▸ Exercise: Repeat the data exactly. Pictures stay out.

▸ Given material:

..............................

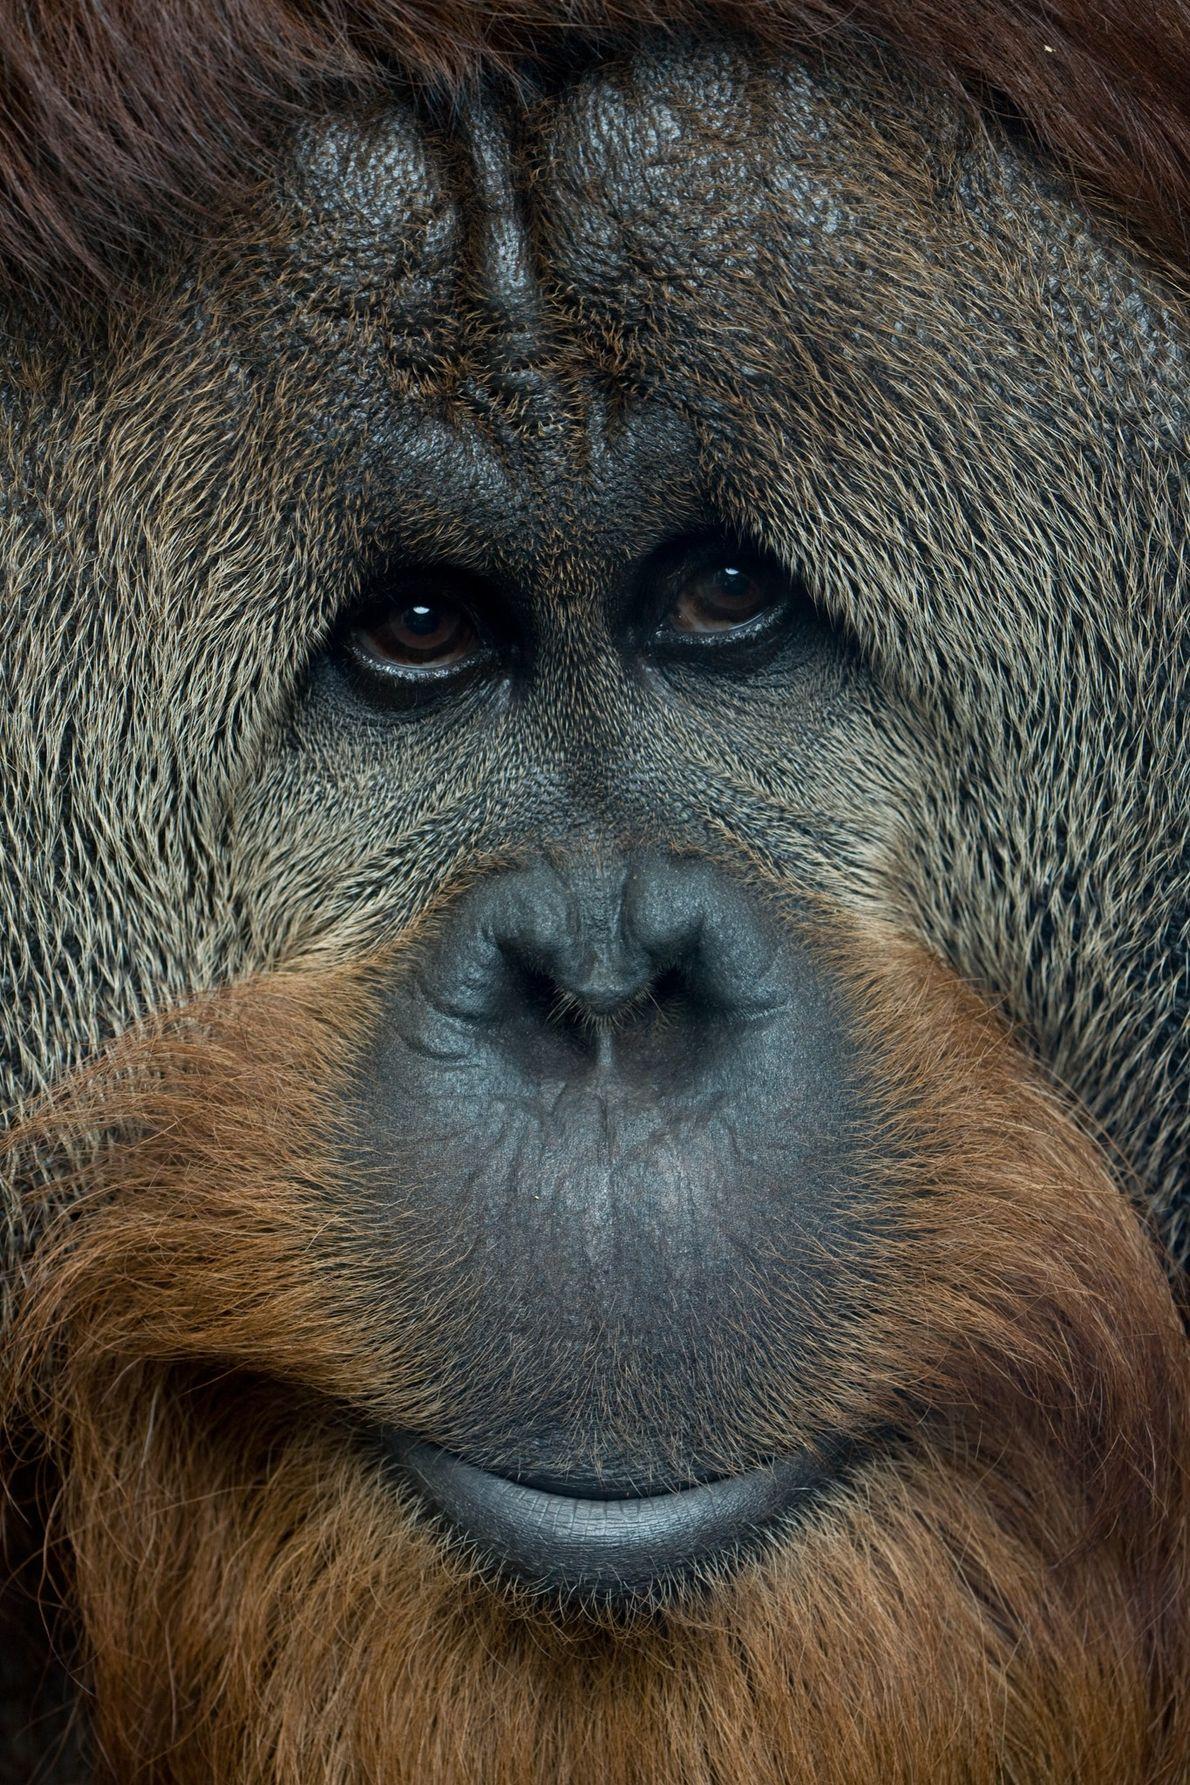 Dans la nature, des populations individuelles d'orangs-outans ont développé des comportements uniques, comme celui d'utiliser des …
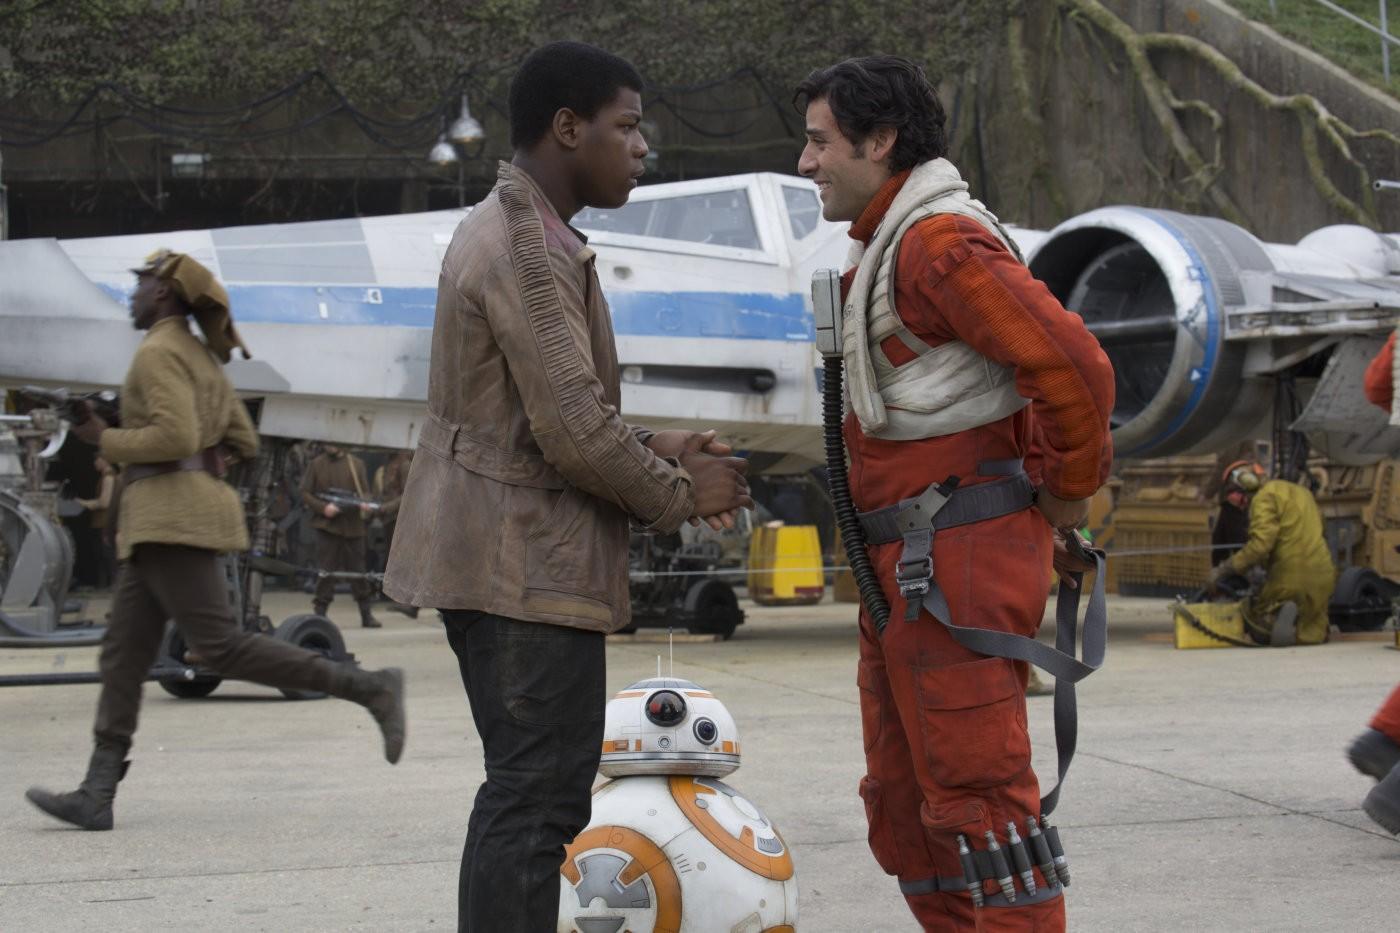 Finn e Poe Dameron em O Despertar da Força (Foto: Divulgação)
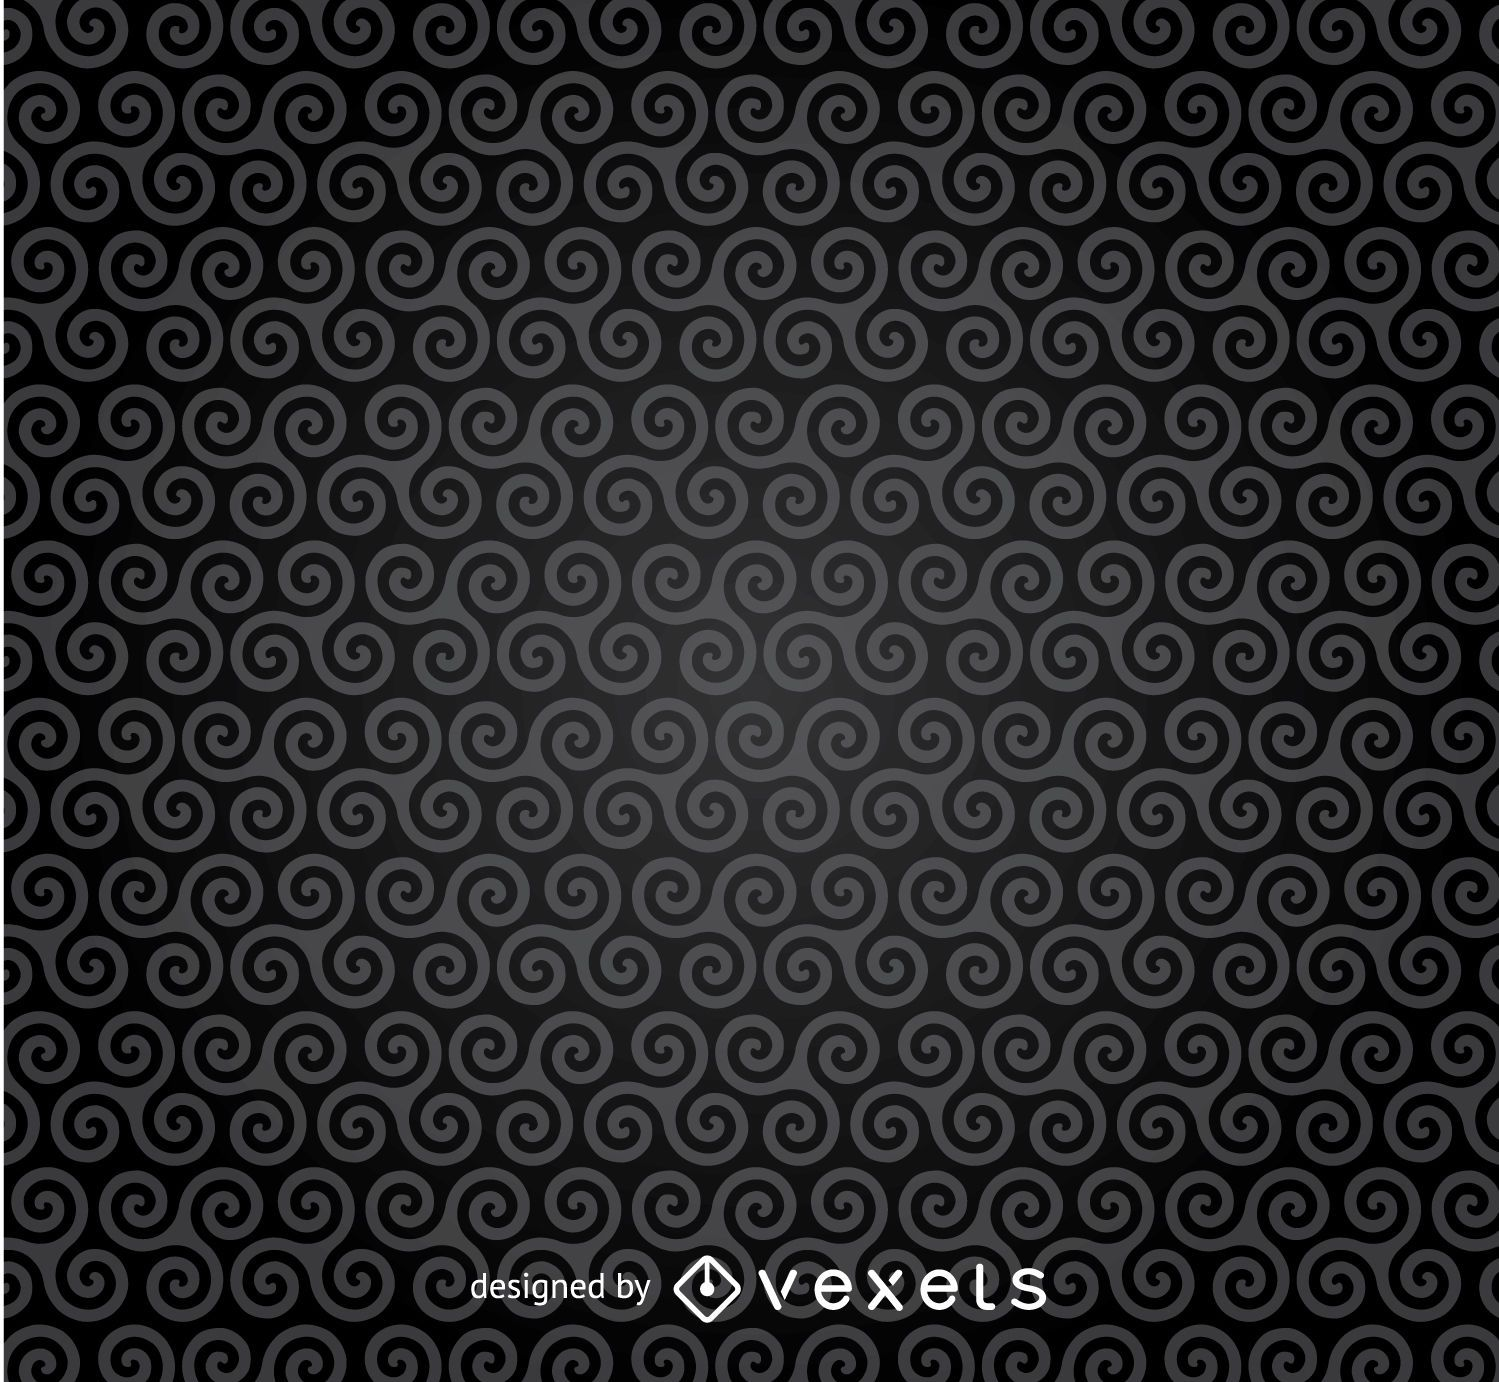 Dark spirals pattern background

..............................

▸ Solved exercise:
 Dans la nature, des populations individuelles d'orangs-outans ont développé des comportements uniques, comme celui d'utiliser des …
 Finn e Poe Dameron em O Despertar da Força (Foto: Divulgação)
 Dark spirals pattern background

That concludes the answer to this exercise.